Upon successful completion of the registrar transfer request, we shall immediately become the registrar of record. As set out in the terms of the respective Registry, your domain name registration term may be extended with up to two years either from the date your existing registration is set to expire or from the date the transfer is completed, provided that the total unexpired term of a registration does not exceed ten years.
Section I – Private SSL Certificates
We offer private SSL certificates to you through third party provider(s). This TOS incorporates by reference our providers’ terms and conditions. Our SSL Certificates are only available to current customers with active Hosting Services.
You need a dedicated IP address in order to use a private SSL Certificate. If there are no available dedicated IP addresses on your account, we will provide you with one as part of your Order. You may be charged additional Fees for this service.
iWEB365 Limited may act on your behalf for the purpose of approving your SSL certificate Order/Activation request/Renewal with the SSL provider. If you do not complete the SSL confirmation process up to five business days after your Order/Activation request/Renewal, your SSL will be canceled and no refund will be due.
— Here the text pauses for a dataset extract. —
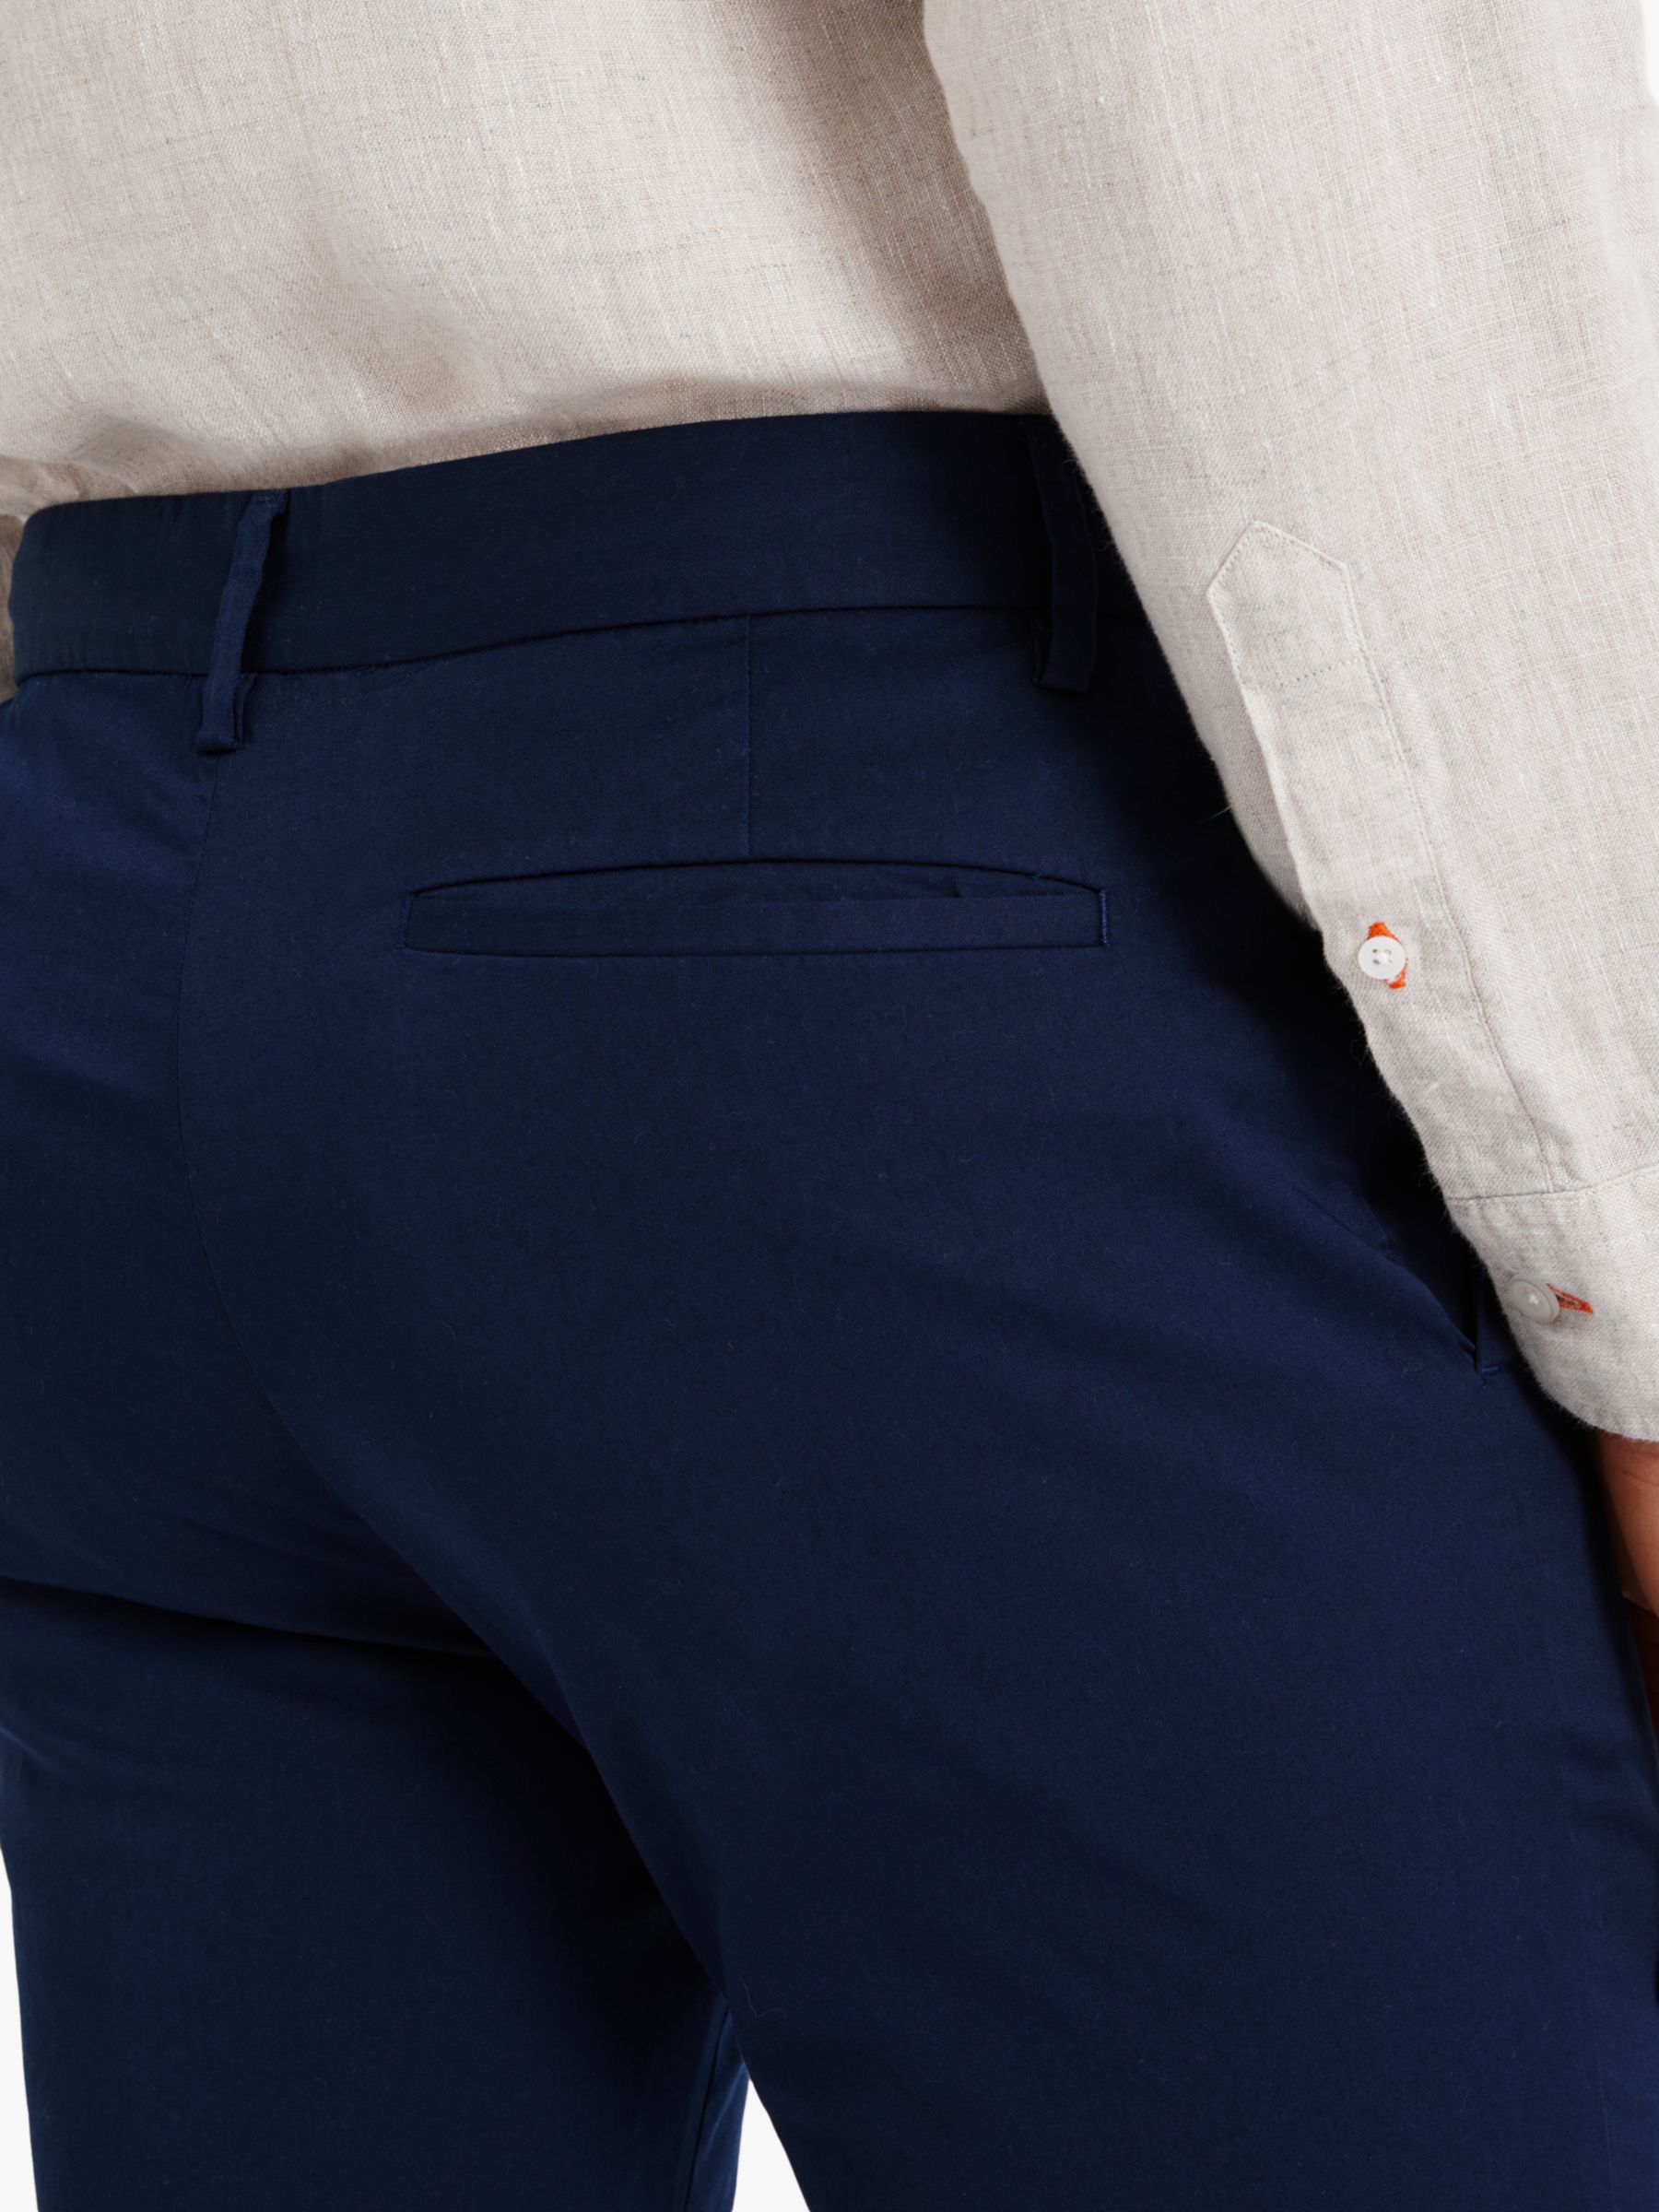 Buy SPOKE Lightweights Cotton Blend Regular Thigh Trousers Online at johnlewis.com

We may provide certain SSL certificates for free as part of your Hosting Services or as part of a special promotion for a specific promotional Term. Any such certificate will be available for free use during the promotional Term as long as it is installed under an IP address within the iWEB365 Limited network. If you attempt to transfer away an SSL during the promotional Term, the discount or other benefit provided by the special promotion will be removed, and your account will be re-billed as if it had been set up without the special promotion. If this results in additional fees, you will be charged for those fees.
Section J – WHMCS
WHMCS is a software supplied by WHMCS Limited that allows users to manage hosting accounts, domains, recurring billing and support. The WHMCS version we provide contains a “Powered by WHMCS” link. This TOS incorporates by reference the WHMCS Limited End User License Agreement.
WHMCS can be added during the initial hosting service order to all Cloud Accounts. Additional setup fee may apply if you decide to use WHMCS for a domain different than the primary domain for your account.
You agree that iWEB365 Limited is not liable for any damages on your website that may result from any incompatibility of WHMCS and applications installed on your account.